To do:
Every line of the listing belongs in your answer exactly as written; the images do not.

Recorded data:
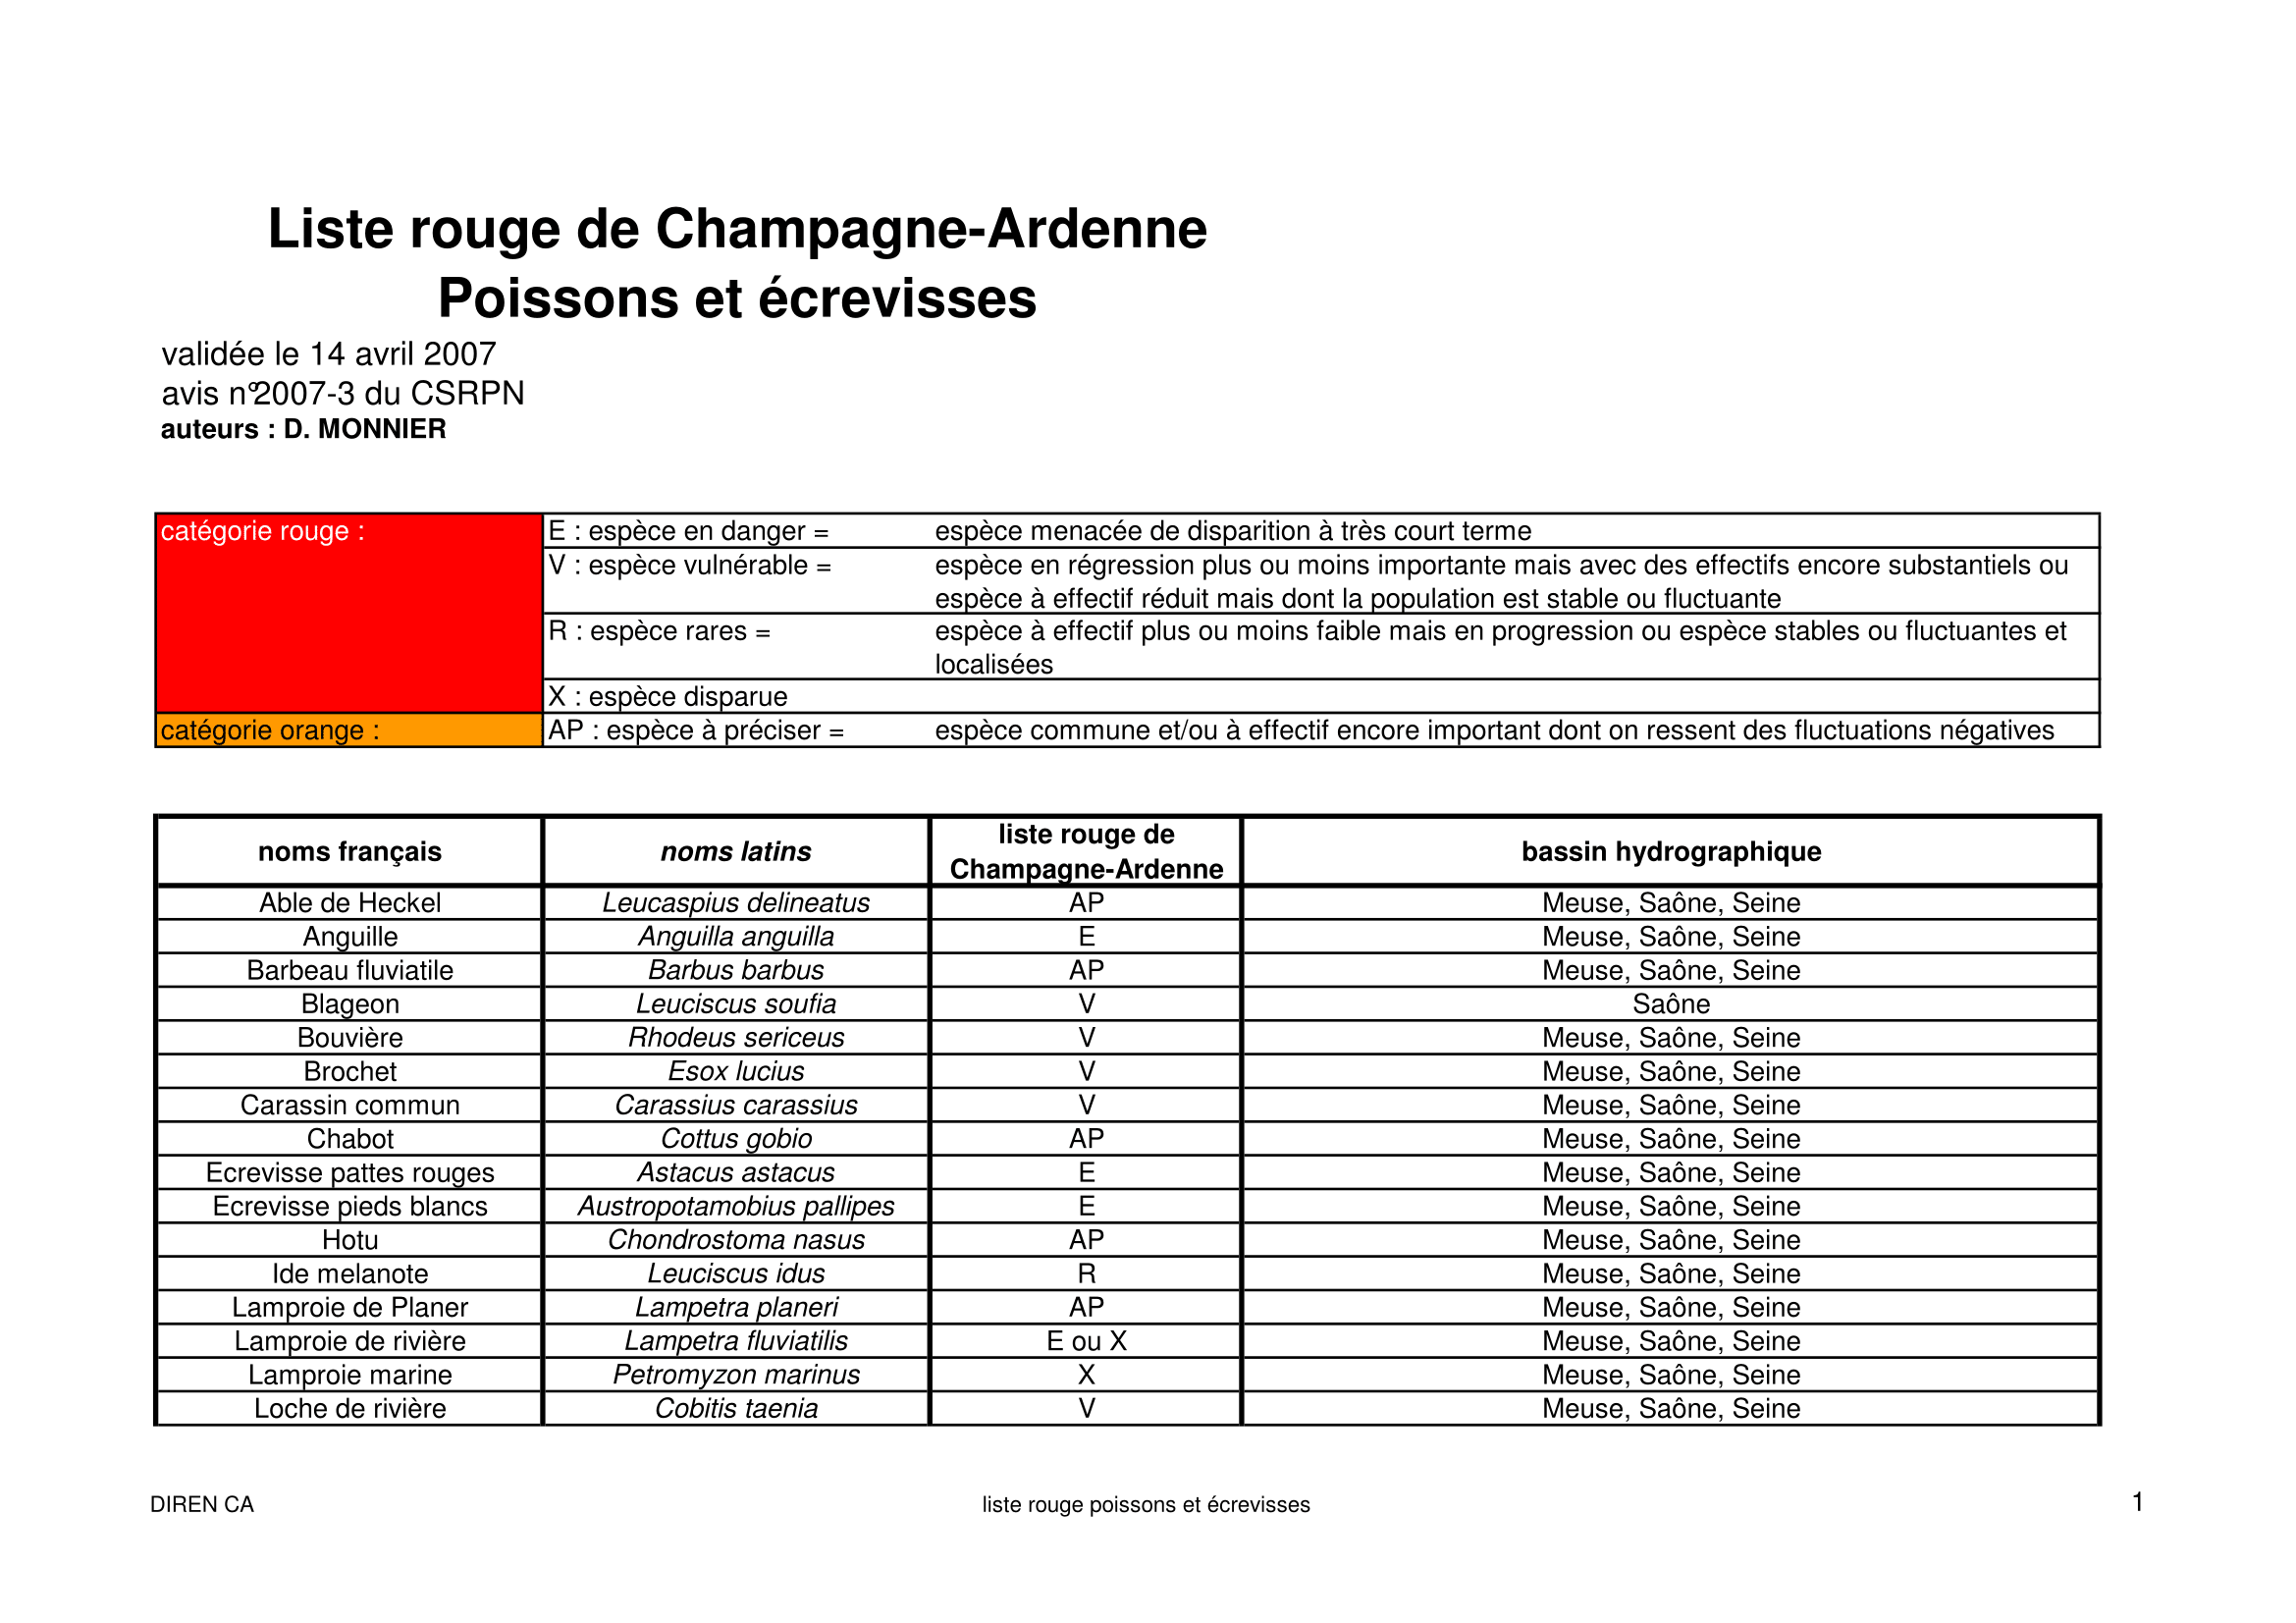 Poisson Ecrevisses (CA)
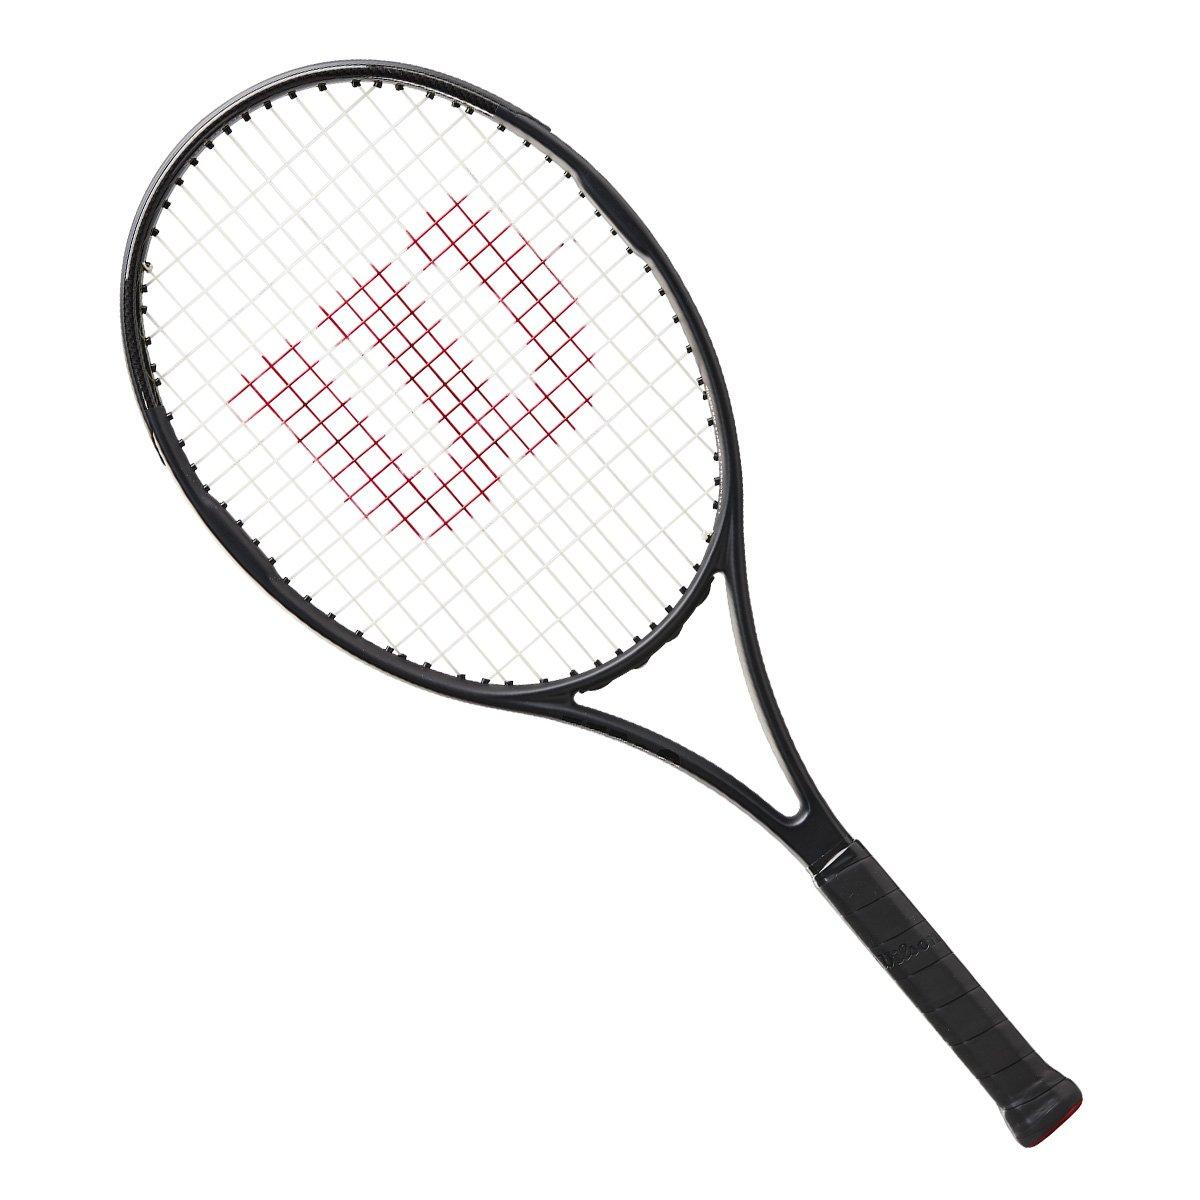 Raquete de Tênis Wilson Pro Staff 26 V13.0 L0 2021
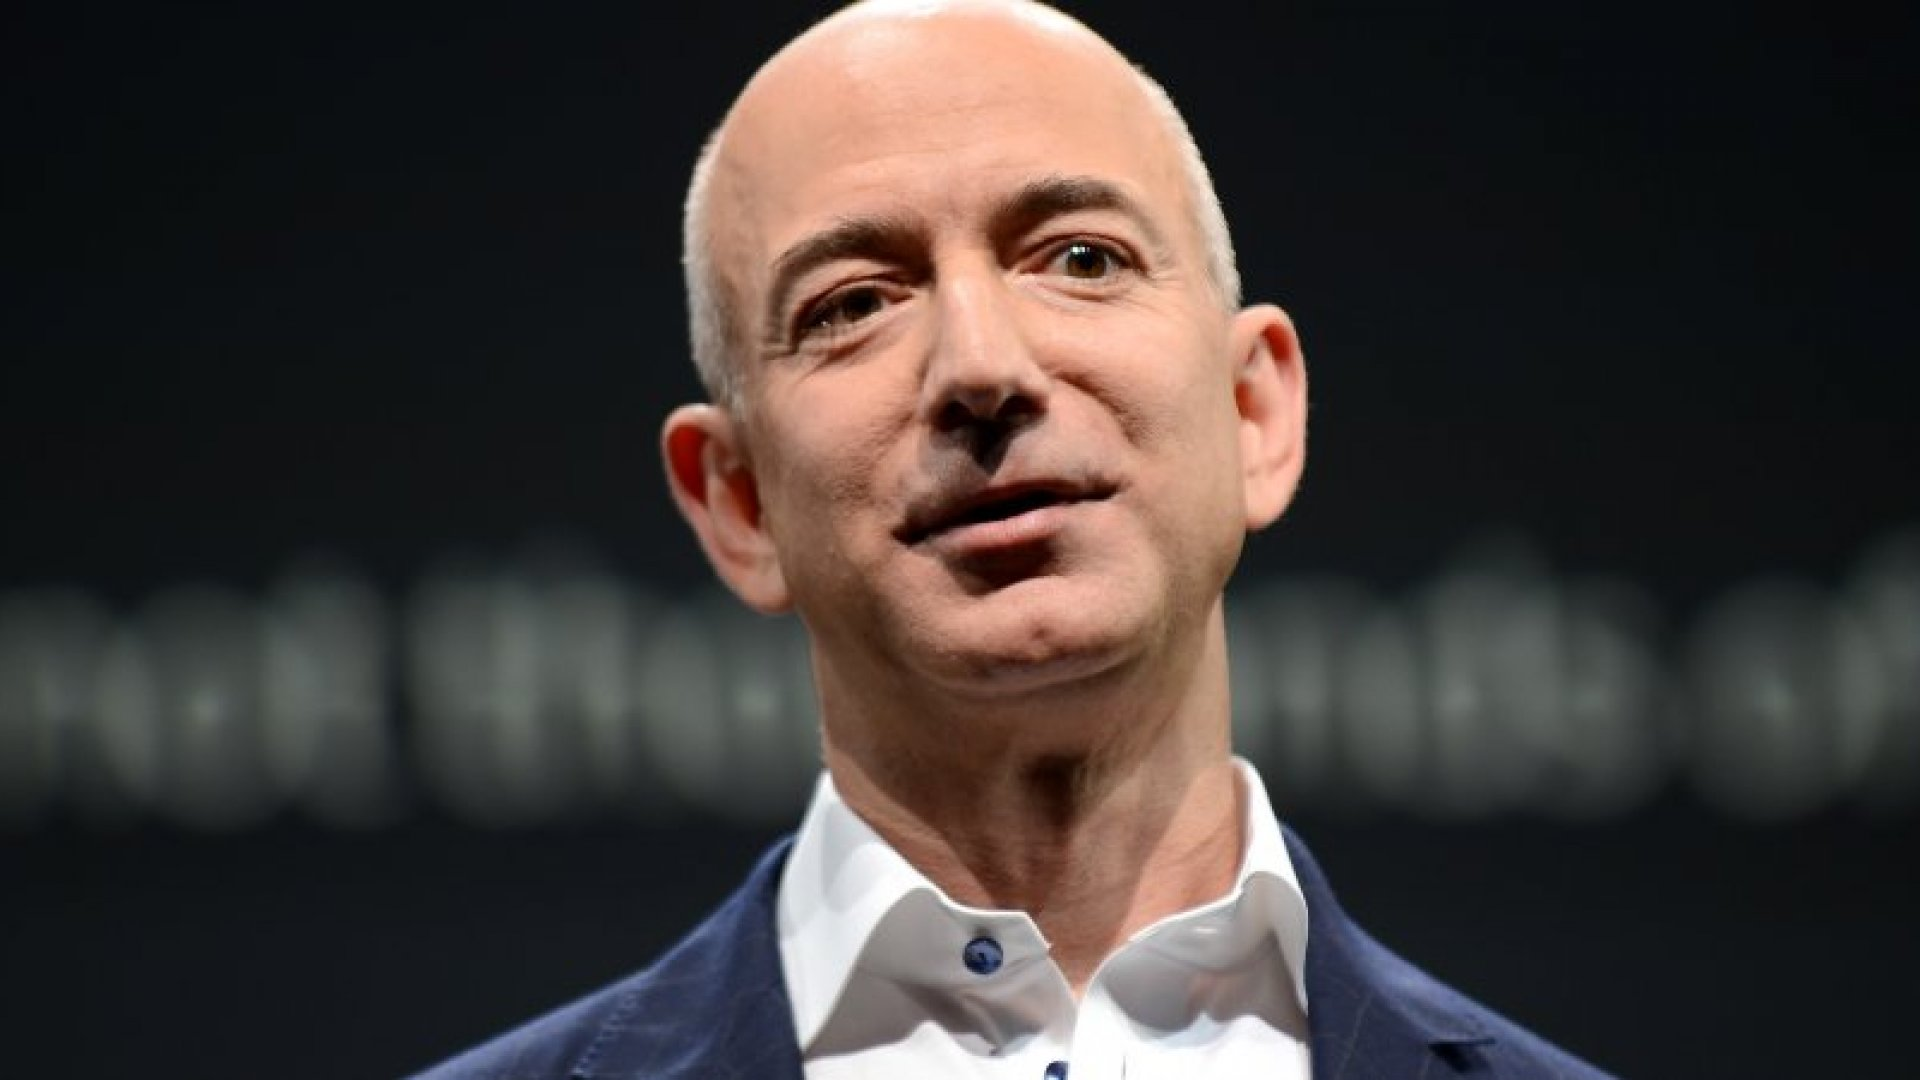 Jeff Bezos's Trick for Hiring Top-Notch Job Candidates

Your response:
 Poisson Ecrevisses (CA)
 Raquete de Tênis Wilson Pro Staff 26 V13.0 L0 2021
 Jeff Bezos's Trick for Hiring Top-Notch Job Candidates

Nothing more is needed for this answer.